The experts' synthesis work and the application of the GRADE method resulted in 27 recommendations. Among the formalized recommendations, 17 present a strong agreement, 7 a weak agreement and 3 an expert consensus agreement. Thirteen questions resulted in an absence of recommendation due to lack of evidence in the literature.
The need to perform clinical examination in gynecological and obstetrics patients was specified in 27 pre-defined situations based on scientific evidence. More research is required to investigate the benefit in other cases.
为妇产科盆腔临床检查提供指南。
成立了一个由45名专家组成的多学科专家共识委员会,其中包括患者协会代表和卫生系统使用者。整个指南制定过程独立于任何资金支持进行。建议作者遵循推荐评估、制定与评价分级(GRADE®)系统的规则,以指导证据质量评估。强调了在低质量证据情况下做出强烈推荐的潜在弊端。

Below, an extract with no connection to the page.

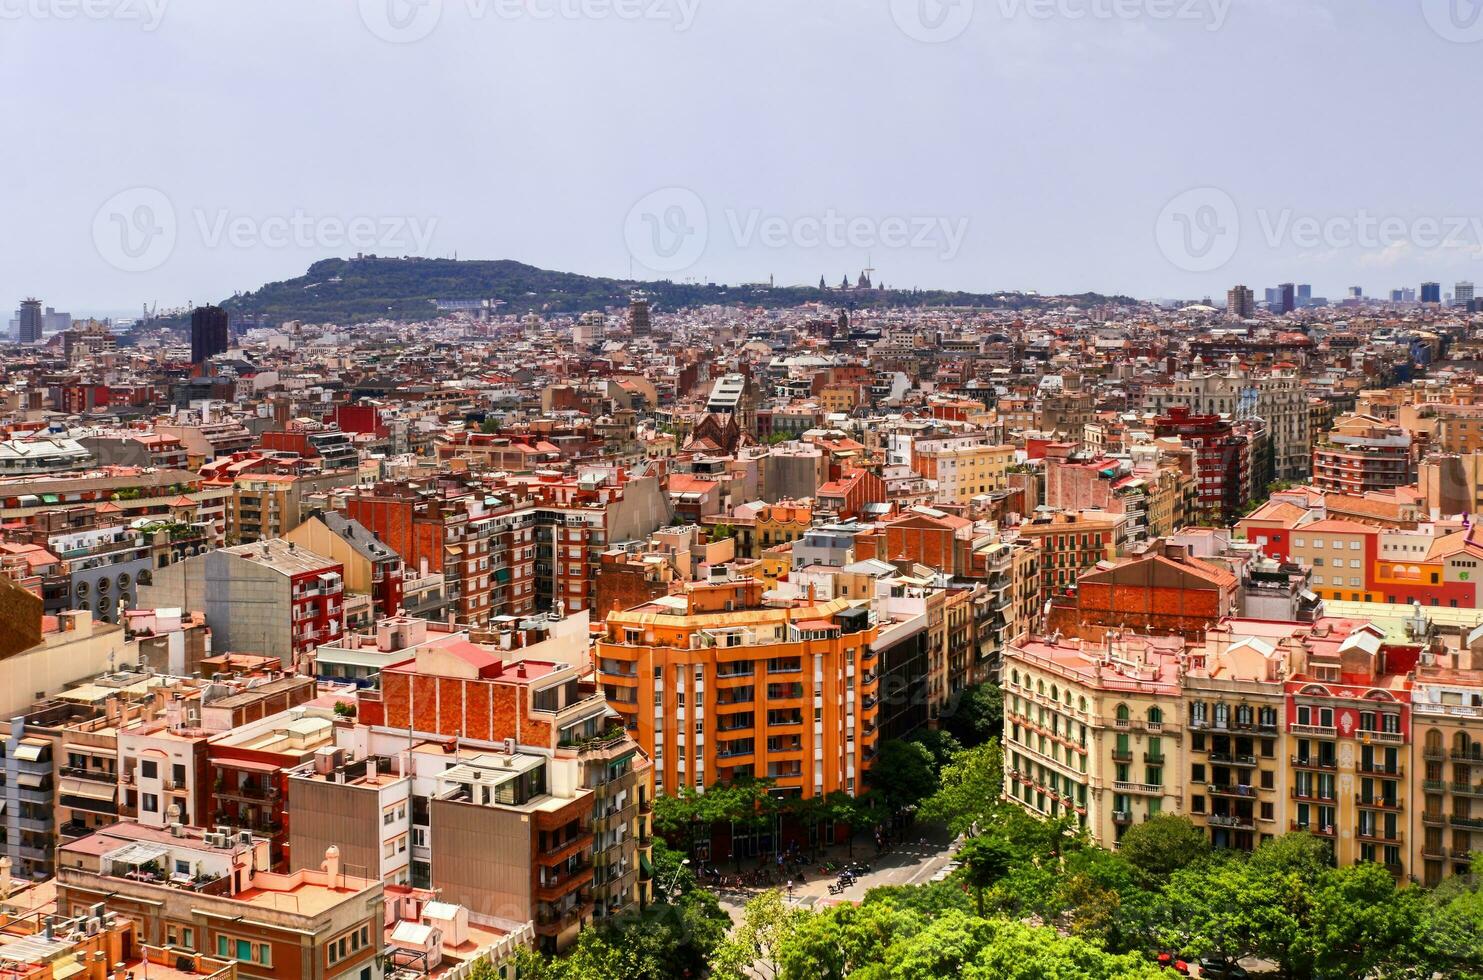 antenn se av skön stad barcelona i solig sommar väder. foto

委员会研究了针对有症状或无症状女性的4个领域(紧急情况、妇科咨询、妇科疾病、产科和妊娠)中的40个问题。每个问题均采用PICO(患者、干预措施、对照、结局)格式进行表述,并生成了证据概要。根据GRADE®方法进行了文献综述并提出了建议。
专家的综合工作以及GRADE方法的应用产生了27条建议。在正式提出的建议中,17条达成了强烈共识,7条达成了微弱共识,3条达成了专家共识。由于文献中缺乏证据,13个问题未给出建议。
基于科学证据,在27种预先定义的情况下明确了对妇产科患者进行临床检查的必要性。在其他情况下,还需要更多研究来探究其益处。